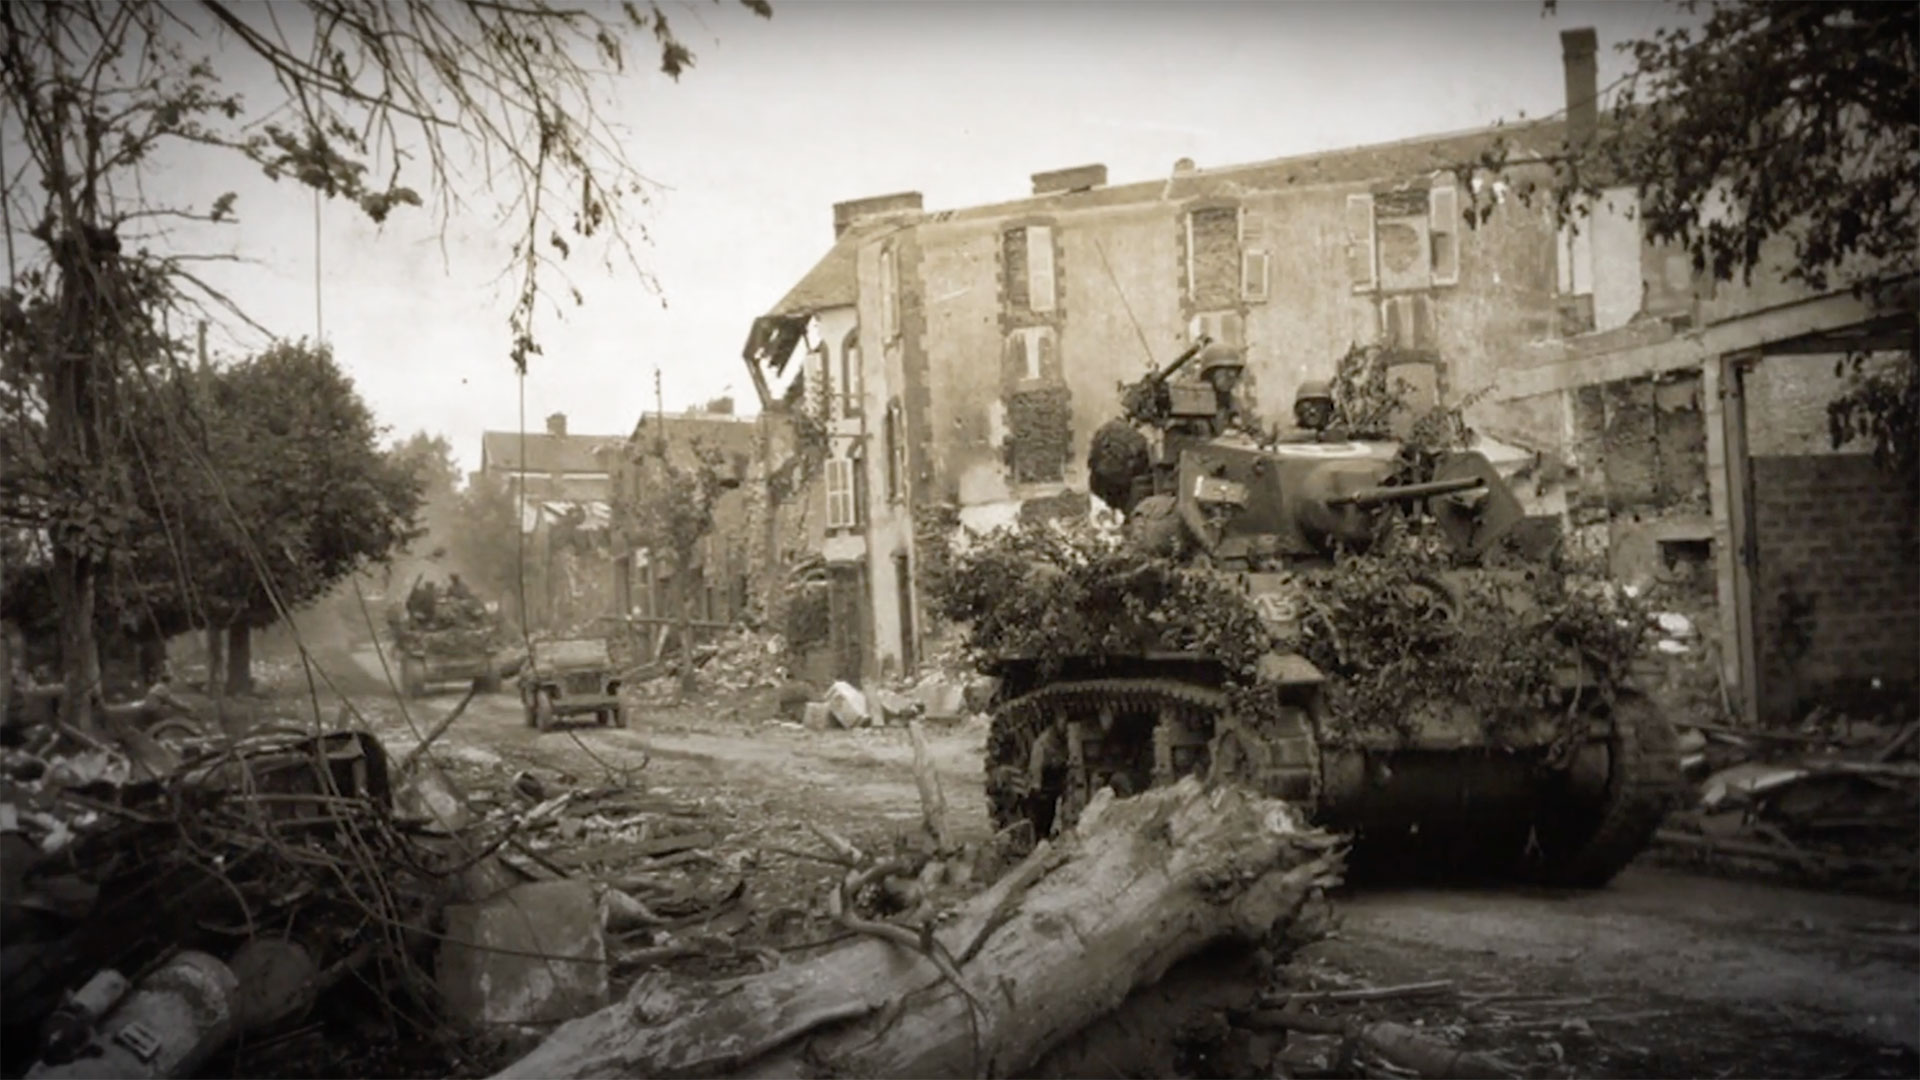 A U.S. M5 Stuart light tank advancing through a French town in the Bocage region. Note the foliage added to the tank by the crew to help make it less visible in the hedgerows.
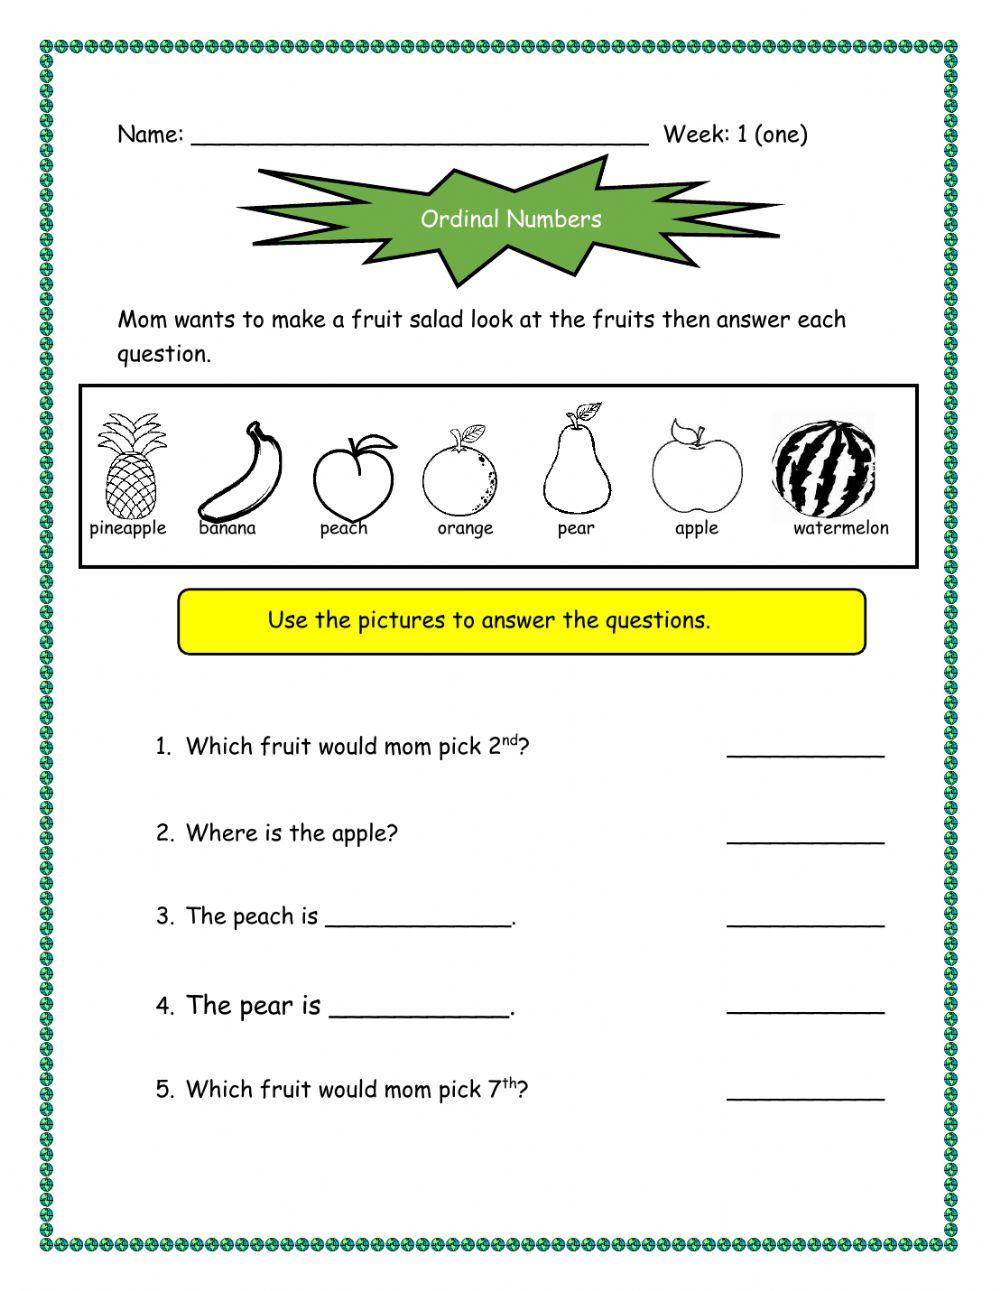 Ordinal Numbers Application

* * *

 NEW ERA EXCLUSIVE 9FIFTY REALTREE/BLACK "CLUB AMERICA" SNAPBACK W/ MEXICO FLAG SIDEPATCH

Problem to solve.
Leave the pictures out, and transcribe exactly the lines above starting at the one that contains "A U.S. M5 Stuart" and ending at the one that contains "Ordinal Numbers Application".

Exercise response.
 A U.S. M5 Stuart light tank advancing through a French town in the Bocage region. Note the foliage added to the tank by the crew to help make it less visible in the hedgerows.
 Ordinal Numbers Application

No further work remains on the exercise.